▶ **PROVIDED MATERIAL**:
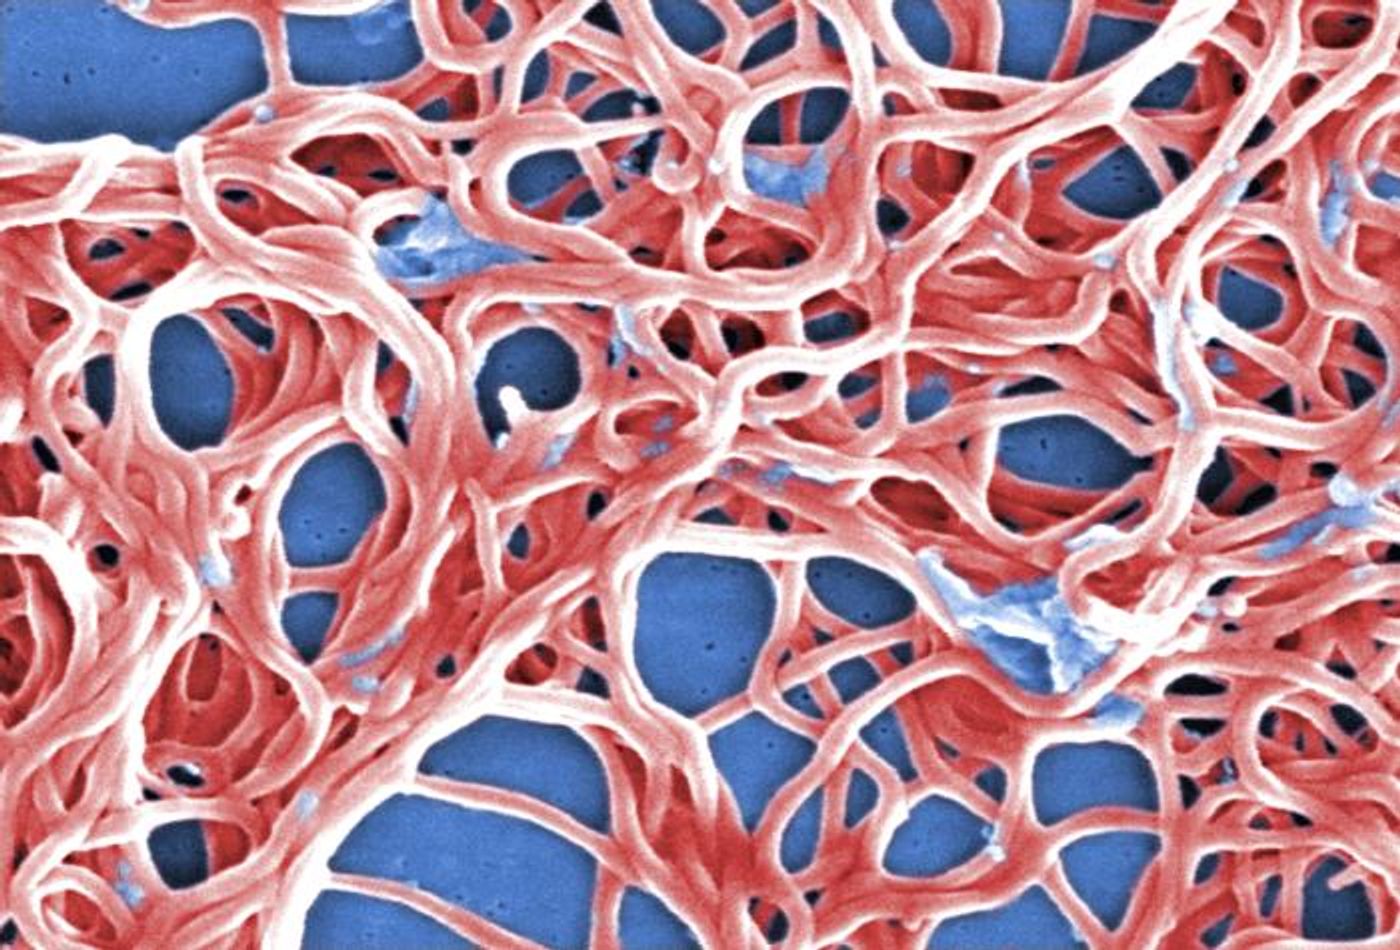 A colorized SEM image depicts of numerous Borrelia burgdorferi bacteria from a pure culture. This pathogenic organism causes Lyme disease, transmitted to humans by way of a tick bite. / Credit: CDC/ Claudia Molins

--

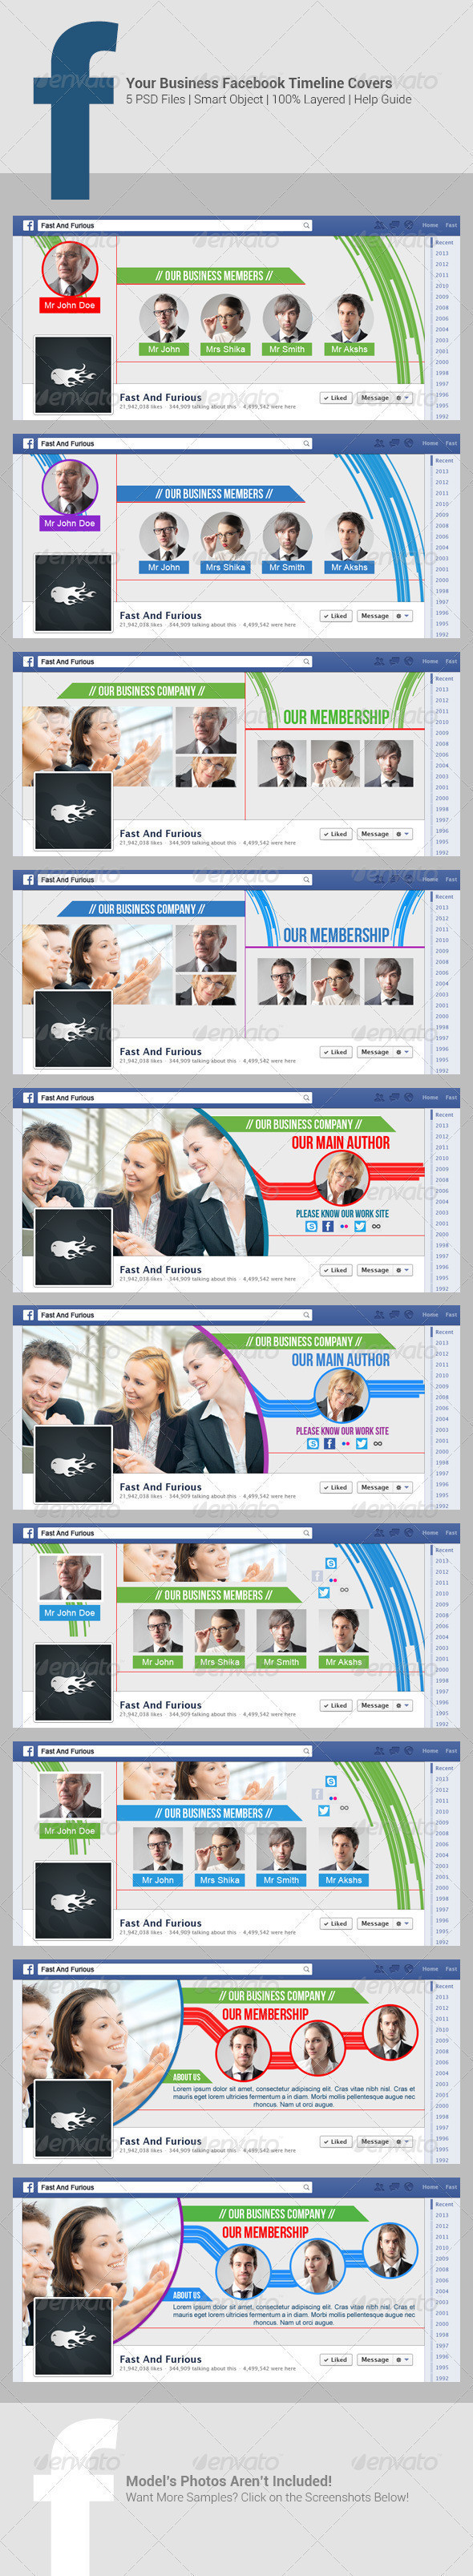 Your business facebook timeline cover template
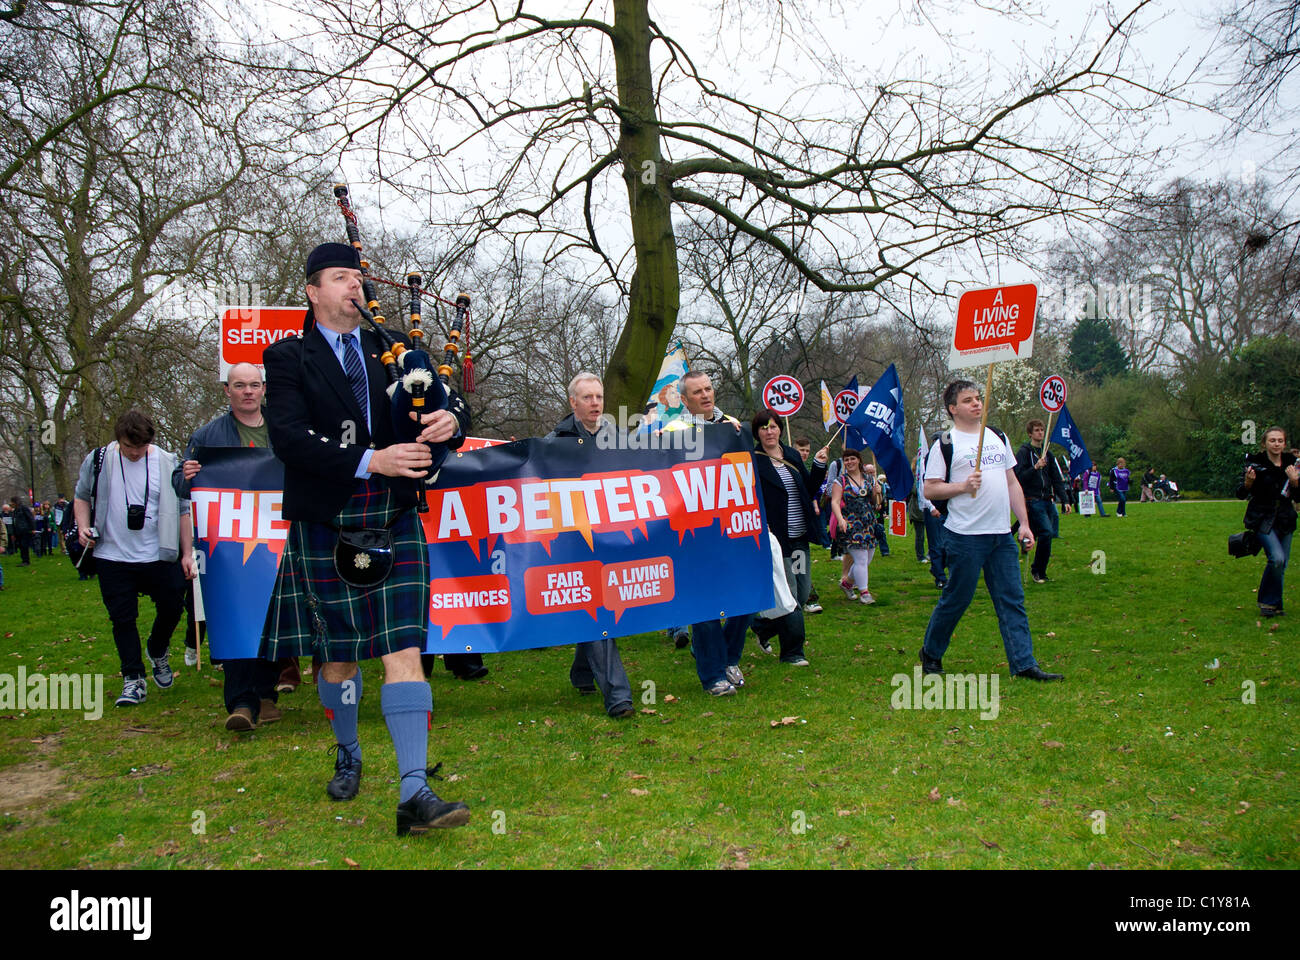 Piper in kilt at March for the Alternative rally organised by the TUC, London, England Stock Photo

▶ **TASK GOAL**: Your answer is the exact run of lines above from the one with "Your business facebook" through the one with "Piper in kilt", both ends included, minus any picture.

▶ **ANSWER SECTION**:
 Your business facebook timeline cover template
 Piper in kilt at March for the Alternative rally organised by the TUC, London, England Stock Photo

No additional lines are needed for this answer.